About me and my life right now: I am 25, married to the love of my life, own a nice place, I have the job of my dreams and most important I am a new momma to a beautiful 4month old healthy baby girl  :smiley:  After we got married I found out I had a problem with my ovaries and was told I couldn't have kids. So having a baby was very much planned and the biggest blessing in the universe and we are so happy!*

SO WHY THESE DREAMS!?!?*

Becoming parents has been amazing and life changing, our lives have changed in ways I didn't expect I guess. I did have some anxiety about carrying on with my career but lucky girl i am, hubby is the stay at home parent and I work from home which really is a giant dream come true because we both get to be so involved with our little angel. I had a very difficult childhood, a lot of abuse from both parents, moved out young, lived in my car. I love my daughter more than words could ever say, I think some anxiety from my childhood came back when she was born because I would look at her, feel incredible love for her and be so confused how someone could hurt their own child.
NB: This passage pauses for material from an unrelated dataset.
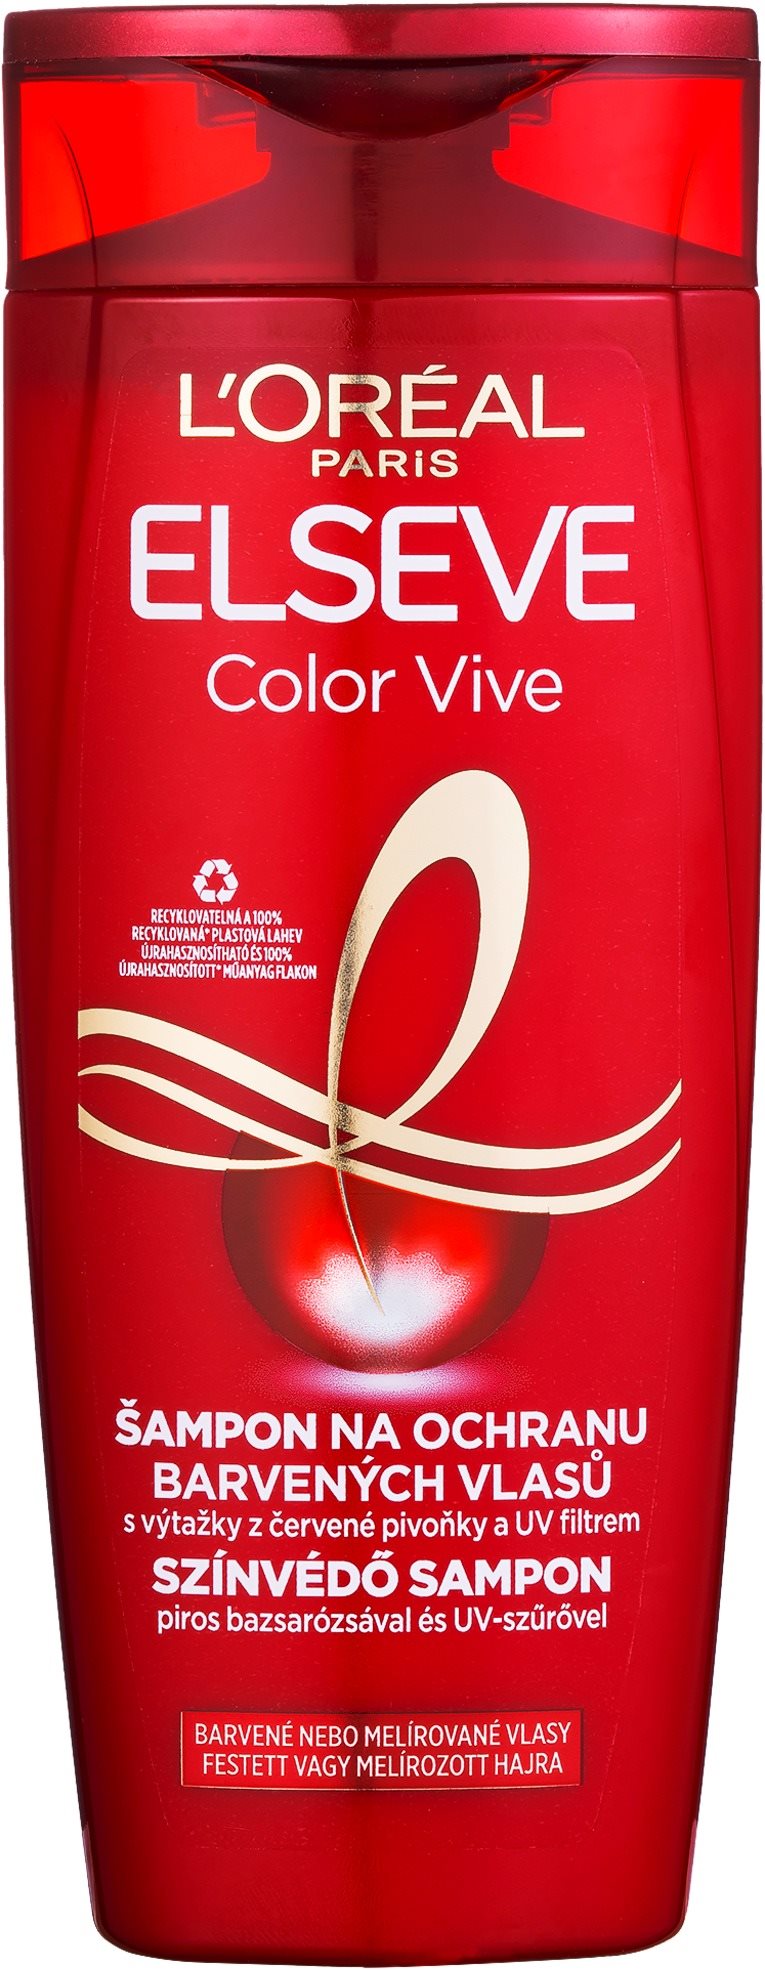 ĽORÉAL PARIS Elseve Color-Vive Sampon 250 ml

Brought back some anger towards my own mother...

Sorry for such a long post, but I wanted to give as much as possible so hopefully someone might be able to help me out  :smiley:  THANK YOU!!!!!!!!!!!*

----------


## Morningangel

These are anxiety dreams.  The teeth falling out is incredibly common and indicates anxiety about your appearance.  Let me give you a sample dream from Tony Crisp's  book, although you can find the teeth falling out theme in every dream book you pick up, internet or the old, dusty kind...  "I felt a tooth was loose and started pushing it with my tongue.  Then I took hold of it between thumb and forefinger and pulled it out.  I felt okay about this, but then another tooth was loose, and another, and I pulled them out.  Running to the bathroom I looked into the mirror, horrified and frightened.  All my teeth were coming out..."

Sound familiar?  Yes, I see this same dream described several times a week.  The most likely reading is a fear of loss of attractiveness.  Nothing to do with zombies.

Your tick dream is a version of the "spiders crawling all over my skin" dream.  Ticks are also arachnids and were chosen by you because of the association with your father.  The spider dream can represent fears from childhood (another appearance fear?), which your dream echoes by including your father's image.

And once more, your fingernail dream is a repeat of the "teeth falling out" dream, a recurring anxiety dream.  To cure such types of dreams, you have to identify the waking state anxiety and work through it, finally coming to a resolution of self-esteem or of simply "letting it go."  It requires introspection and self-growth.

Good luck and many blessings.

Fifth Sun Dreams FB
Fifth Sun Dreams blog

----------


## Morningangel

I realize I forgot your pie the size of a tire stuffed with deer.  THAT one is original.  The mall setting and the large choice of pies indicates you are making choices.  Strange as this might seem, the red velvet pie says something about nurturing at a basic human level, and the deer is about an emotion.  Breaking bones indicates something is going wrong.  Maybe you're stuffing the emotion into the wrong place, and you need to take a different direction in your waking life.  That's something to think about.

Still not about zombies.   :smiley:

----------


## Dreamergurl37

THANK YOU Morningangel!! This makes a LOT of sense and gives me a lot to think about. I have definitely been having issues with my apearance, with my body changing from being pregnant and just having a baby.... And definitely feeling a loss of attractiveness. So that makes perfect sense.

I never really thought dreams had so much meaning before now, it really is like a personal indicator of what is happening in your life and what you need to work on! Amazing!*

And the pie/deer part and the choices... I have definitely been faced with a lot of difficult decisions with doing what is best for my baby and her wellbeing and getting so many strong opinions from others... This is very interesting and I think there is something important here to figure out.

I'm glad this has more meaning than watching too many zombie shows  :smiley:  thank you!!

----------


## Morningangel

Hey, you're very welcome.  If you want to learn more about reading dreams, I post dream-related articles at my Fifth Sun Dreams FB, and that is linked to my Fifth Sun Dreams blog, so you get those posts, too.

----------


## Dreamergurl37

Your blog is awesome!! Really fascinating thank you  :smiley:

----------